**REQUIRED ACTION**
Print the listing exactly.

**SUPPLIED MATERIAL**
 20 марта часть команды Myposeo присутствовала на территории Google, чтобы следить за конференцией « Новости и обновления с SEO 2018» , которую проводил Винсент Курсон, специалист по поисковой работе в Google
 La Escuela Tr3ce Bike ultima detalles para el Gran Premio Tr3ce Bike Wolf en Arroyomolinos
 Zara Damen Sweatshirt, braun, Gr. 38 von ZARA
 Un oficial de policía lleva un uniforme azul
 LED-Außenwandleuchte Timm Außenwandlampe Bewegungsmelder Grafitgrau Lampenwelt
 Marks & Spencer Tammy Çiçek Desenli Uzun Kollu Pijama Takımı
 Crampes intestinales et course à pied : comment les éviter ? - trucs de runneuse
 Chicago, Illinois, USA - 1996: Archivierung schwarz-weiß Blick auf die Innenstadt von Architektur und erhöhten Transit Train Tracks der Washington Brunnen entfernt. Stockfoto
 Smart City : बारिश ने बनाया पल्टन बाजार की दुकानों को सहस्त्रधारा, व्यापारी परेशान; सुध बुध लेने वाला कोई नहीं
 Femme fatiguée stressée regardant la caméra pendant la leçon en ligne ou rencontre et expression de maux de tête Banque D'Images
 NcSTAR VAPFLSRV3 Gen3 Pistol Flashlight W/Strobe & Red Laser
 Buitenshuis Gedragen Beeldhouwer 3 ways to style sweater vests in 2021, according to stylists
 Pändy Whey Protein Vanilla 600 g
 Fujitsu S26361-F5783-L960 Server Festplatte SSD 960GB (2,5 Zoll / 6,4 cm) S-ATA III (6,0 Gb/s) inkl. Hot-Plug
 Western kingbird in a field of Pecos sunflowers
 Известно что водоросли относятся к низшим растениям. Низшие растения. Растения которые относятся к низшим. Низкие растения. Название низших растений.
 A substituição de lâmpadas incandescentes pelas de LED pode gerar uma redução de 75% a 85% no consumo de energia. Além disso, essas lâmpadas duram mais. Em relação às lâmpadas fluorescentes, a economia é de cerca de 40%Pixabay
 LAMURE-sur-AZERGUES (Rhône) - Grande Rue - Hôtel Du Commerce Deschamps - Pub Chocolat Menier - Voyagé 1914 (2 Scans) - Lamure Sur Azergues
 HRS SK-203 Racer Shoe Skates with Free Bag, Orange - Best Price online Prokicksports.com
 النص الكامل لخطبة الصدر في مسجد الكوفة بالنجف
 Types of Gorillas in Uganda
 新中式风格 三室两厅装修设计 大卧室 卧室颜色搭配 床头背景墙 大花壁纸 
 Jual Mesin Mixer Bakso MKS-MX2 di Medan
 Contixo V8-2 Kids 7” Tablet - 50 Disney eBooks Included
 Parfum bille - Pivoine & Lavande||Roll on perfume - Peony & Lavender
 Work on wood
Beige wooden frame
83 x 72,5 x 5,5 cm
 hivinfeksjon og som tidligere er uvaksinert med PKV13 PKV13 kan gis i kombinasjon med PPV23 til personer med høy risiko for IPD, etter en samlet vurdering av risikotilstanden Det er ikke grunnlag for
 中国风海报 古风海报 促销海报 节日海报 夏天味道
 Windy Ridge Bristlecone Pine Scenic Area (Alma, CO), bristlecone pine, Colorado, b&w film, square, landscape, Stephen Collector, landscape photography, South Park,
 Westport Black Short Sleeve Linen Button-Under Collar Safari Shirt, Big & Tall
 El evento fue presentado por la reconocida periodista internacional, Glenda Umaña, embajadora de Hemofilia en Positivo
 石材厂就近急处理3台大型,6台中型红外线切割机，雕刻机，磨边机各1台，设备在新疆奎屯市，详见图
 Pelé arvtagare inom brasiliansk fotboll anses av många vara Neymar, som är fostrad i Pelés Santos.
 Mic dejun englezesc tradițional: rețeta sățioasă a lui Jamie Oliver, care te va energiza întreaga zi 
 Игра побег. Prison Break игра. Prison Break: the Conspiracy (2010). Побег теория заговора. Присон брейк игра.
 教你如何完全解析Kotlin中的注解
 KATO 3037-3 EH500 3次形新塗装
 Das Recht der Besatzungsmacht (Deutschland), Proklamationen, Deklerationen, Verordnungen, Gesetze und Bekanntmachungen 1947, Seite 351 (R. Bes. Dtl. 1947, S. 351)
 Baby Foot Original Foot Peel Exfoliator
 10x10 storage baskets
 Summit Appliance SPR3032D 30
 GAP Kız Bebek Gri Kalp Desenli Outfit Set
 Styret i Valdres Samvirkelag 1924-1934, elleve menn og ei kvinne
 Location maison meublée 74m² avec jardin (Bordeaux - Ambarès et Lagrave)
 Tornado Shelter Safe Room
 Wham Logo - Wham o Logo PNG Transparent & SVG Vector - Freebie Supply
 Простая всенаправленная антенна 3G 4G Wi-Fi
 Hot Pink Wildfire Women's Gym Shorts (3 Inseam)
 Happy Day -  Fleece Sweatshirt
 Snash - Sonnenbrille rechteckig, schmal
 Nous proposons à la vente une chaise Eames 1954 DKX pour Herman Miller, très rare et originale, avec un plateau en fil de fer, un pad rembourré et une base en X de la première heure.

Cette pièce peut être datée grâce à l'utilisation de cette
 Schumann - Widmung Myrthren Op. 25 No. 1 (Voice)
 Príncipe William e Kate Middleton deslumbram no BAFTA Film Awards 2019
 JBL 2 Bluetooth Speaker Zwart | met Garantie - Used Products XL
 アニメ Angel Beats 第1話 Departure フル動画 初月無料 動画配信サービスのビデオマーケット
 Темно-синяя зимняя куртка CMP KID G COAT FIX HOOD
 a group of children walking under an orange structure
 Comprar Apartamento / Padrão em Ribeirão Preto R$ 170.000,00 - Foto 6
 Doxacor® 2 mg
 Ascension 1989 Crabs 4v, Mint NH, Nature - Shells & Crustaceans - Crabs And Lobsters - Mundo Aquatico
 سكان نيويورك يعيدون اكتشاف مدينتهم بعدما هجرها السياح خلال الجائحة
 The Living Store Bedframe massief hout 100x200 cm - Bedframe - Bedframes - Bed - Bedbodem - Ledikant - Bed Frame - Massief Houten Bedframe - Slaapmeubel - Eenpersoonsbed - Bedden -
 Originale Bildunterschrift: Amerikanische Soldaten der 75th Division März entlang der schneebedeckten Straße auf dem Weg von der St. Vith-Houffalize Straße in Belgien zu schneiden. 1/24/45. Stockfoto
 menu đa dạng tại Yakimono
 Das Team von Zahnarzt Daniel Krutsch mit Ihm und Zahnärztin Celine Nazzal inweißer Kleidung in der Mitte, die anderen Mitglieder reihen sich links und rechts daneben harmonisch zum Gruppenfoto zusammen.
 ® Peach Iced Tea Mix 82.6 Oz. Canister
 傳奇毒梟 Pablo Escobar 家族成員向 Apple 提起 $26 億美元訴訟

**ANSWER FOR THIS EXERCISE**
 20 марта часть команды Myposeo присутствовала на территории Google, чтобы следить за конференцией « Новости и обновления с SEO 2018» , которую проводил Винсент Курсон, специалист по поисковой работе в Google
 La Escuela Tr3ce Bike ultima detalles para el Gran Premio Tr3ce Bike Wolf en Arroyomolinos
 Zara Damen Sweatshirt, braun, Gr. 38 von ZARA
 Un oficial de policía lleva un uniforme azul
 LED-Außenwandleuchte Timm Außenwandlampe Bewegungsmelder Grafitgrau Lampenwelt
 Marks & Spencer Tammy Çiçek Desenli Uzun Kollu Pijama Takımı
 Crampes intestinales et course à pied : comment les éviter ? - trucs de runneuse
 Chicago, Illinois, USA - 1996: Archivierung schwarz-weiß Blick auf die Innenstadt von Architektur und erhöhten Transit Train Tracks der Washington Brunnen entfernt. Stockfoto
 Smart City : बारिश ने बनाया पल्टन बाजार की दुकानों को सहस्त्रधारा, व्यापारी परेशान; सुध बुध लेने वाला कोई नहीं
 Femme fatiguée stressée regardant la caméra pendant la leçon en ligne ou rencontre et expression de maux de tête Banque D'Images
 NcSTAR VAPFLSRV3 Gen3 Pistol Flashlight W/Strobe & Red Laser
 Buitenshuis Gedragen Beeldhouwer 3 ways to style sweater vests in 2021, according to stylists
 Pändy Whey Protein Vanilla 600 g
 Fujitsu S26361-F5783-L960 Server Festplatte SSD 960GB (2,5 Zoll / 6,4 cm) S-ATA III (6,0 Gb/s) inkl. Hot-Plug
 Western kingbird in a field of Pecos sunflowers
 Известно что водоросли относятся к низшим растениям. Низшие растения. Растения которые относятся к низшим. Низкие растения. Название низших растений.
 A substituição de lâmpadas incandescentes pelas de LED pode gerar uma redução de 75% a 85% no consumo de energia. Além disso, essas lâmpadas duram mais. Em relação às lâmpadas fluorescentes, a economia é de cerca de 40%Pixabay
 LAMURE-sur-AZERGUES (Rhône) - Grande Rue - Hôtel Du Commerce Deschamps - Pub Chocolat Menier - Voyagé 1914 (2 Scans) - Lamure Sur Azergues
 HRS SK-203 Racer Shoe Skates with Free Bag, Orange - Best Price online Prokicksports.com
 النص الكامل لخطبة الصدر في مسجد الكوفة بالنجف
 Types of Gorillas in Uganda
 新中式风格 三室两厅装修设计 大卧室 卧室颜色搭配 床头背景墙 大花壁纸 
 Jual Mesin Mixer Bakso MKS-MX2 di Medan
 Contixo V8-2 Kids 7” Tablet - 50 Disney eBooks Included
 Parfum bille - Pivoine & Lavande||Roll on perfume - Peony & Lavender
 Work on wood
Beige wooden frame
83 x 72,5 x 5,5 cm
 hivinfeksjon og som tidligere er uvaksinert med PKV13 PKV13 kan gis i kombinasjon med PPV23 til personer med høy risiko for IPD, etter en samlet vurdering av risikotilstanden Det er ikke grunnlag for
 中国风海报 古风海报 促销海报 节日海报 夏天味道
 Windy Ridge Bristlecone Pine Scenic Area (Alma, CO), bristlecone pine, Colorado, b&w film, square, landscape, Stephen Collector, landscape photography, South Park,
 Westport Black Short Sleeve Linen Button-Under Collar Safari Shirt, Big & Tall
 El evento fue presentado por la reconocida periodista internacional, Glenda Umaña, embajadora de Hemofilia en Positivo
 石材厂就近急处理3台大型,6台中型红外线切割机，雕刻机，磨边机各1台，设备在新疆奎屯市，详见图
 Pelé arvtagare inom brasiliansk fotboll anses av många vara Neymar, som är fostrad i Pelés Santos.
 Mic dejun englezesc tradițional: rețeta sățioasă a lui Jamie Oliver, care te va energiza întreaga zi 
 Игра побег. Prison Break игра. Prison Break: the Conspiracy (2010). Побег теория заговора. Присон брейк игра.
 教你如何完全解析Kotlin中的注解
 KATO 3037-3 EH500 3次形新塗装
 Das Recht der Besatzungsmacht (Deutschland), Proklamationen, Deklerationen, Verordnungen, Gesetze und Bekanntmachungen 1947, Seite 351 (R. Bes. Dtl. 1947, S. 351)
 Baby Foot Original Foot Peel Exfoliator
 10x10 storage baskets
 Summit Appliance SPR3032D 30
 GAP Kız Bebek Gri Kalp Desenli Outfit Set
 Styret i Valdres Samvirkelag 1924-1934, elleve menn og ei kvinne
 Location maison meublée 74m² avec jardin (Bordeaux - Ambarès et Lagrave)
 Tornado Shelter Safe Room
 Wham Logo - Wham o Logo PNG Transparent & SVG Vector - Freebie Supply
 Простая всенаправленная антенна 3G 4G Wi-Fi
 Hot Pink Wildfire Women's Gym Shorts (3 Inseam)
 Happy Day -  Fleece Sweatshirt
 Snash - Sonnenbrille rechteckig, schmal
 Nous proposons à la vente une chaise Eames 1954 DKX pour Herman Miller, très rare et originale, avec un plateau en fil de fer, un pad rembourré et une base en X de la première heure.

Cette pièce peut être datée grâce à l'utilisation de cette
 Schumann - Widmung Myrthren Op. 25 No. 1 (Voice)
 Príncipe William e Kate Middleton deslumbram no BAFTA Film Awards 2019
 JBL 2 Bluetooth Speaker Zwart | met Garantie - Used Products XL
 アニメ Angel Beats 第1話 Departure フル動画 初月無料 動画配信サービスのビデオマーケット
 Темно-синяя зимняя куртка CMP KID G COAT FIX HOOD
 a group of children walking under an orange structure
 Comprar Apartamento / Padrão em Ribeirão Preto R$ 170.000,00 - Foto 6
 Doxacor® 2 mg
 Ascension 1989 Crabs 4v, Mint NH, Nature - Shells & Crustaceans - Crabs And Lobsters - Mundo Aquatico
 سكان نيويورك يعيدون اكتشاف مدينتهم بعدما هجرها السياح خلال الجائحة
 The Living Store Bedframe massief hout 100x200 cm - Bedframe - Bedframes - Bed - Bedbodem - Ledikant - Bed Frame - Massief Houten Bedframe - Slaapmeubel - Eenpersoonsbed - Bedden -
 Originale Bildunterschrift: Amerikanische Soldaten der 75th Division März entlang der schneebedeckten Straße auf dem Weg von der St. Vith-Houffalize Straße in Belgien zu schneiden. 1/24/45. Stockfoto
 menu đa dạng tại Yakimono
 Das Team von Zahnarzt Daniel Krutsch mit Ihm und Zahnärztin Celine Nazzal inweißer Kleidung in der Mitte, die anderen Mitglieder reihen sich links und rechts daneben harmonisch zum Gruppenfoto zusammen.
 ® Peach Iced Tea Mix 82.6 Oz. Canister
 傳奇毒梟 Pablo Escobar 家族成員向 Apple 提起 $26 億美元訴訟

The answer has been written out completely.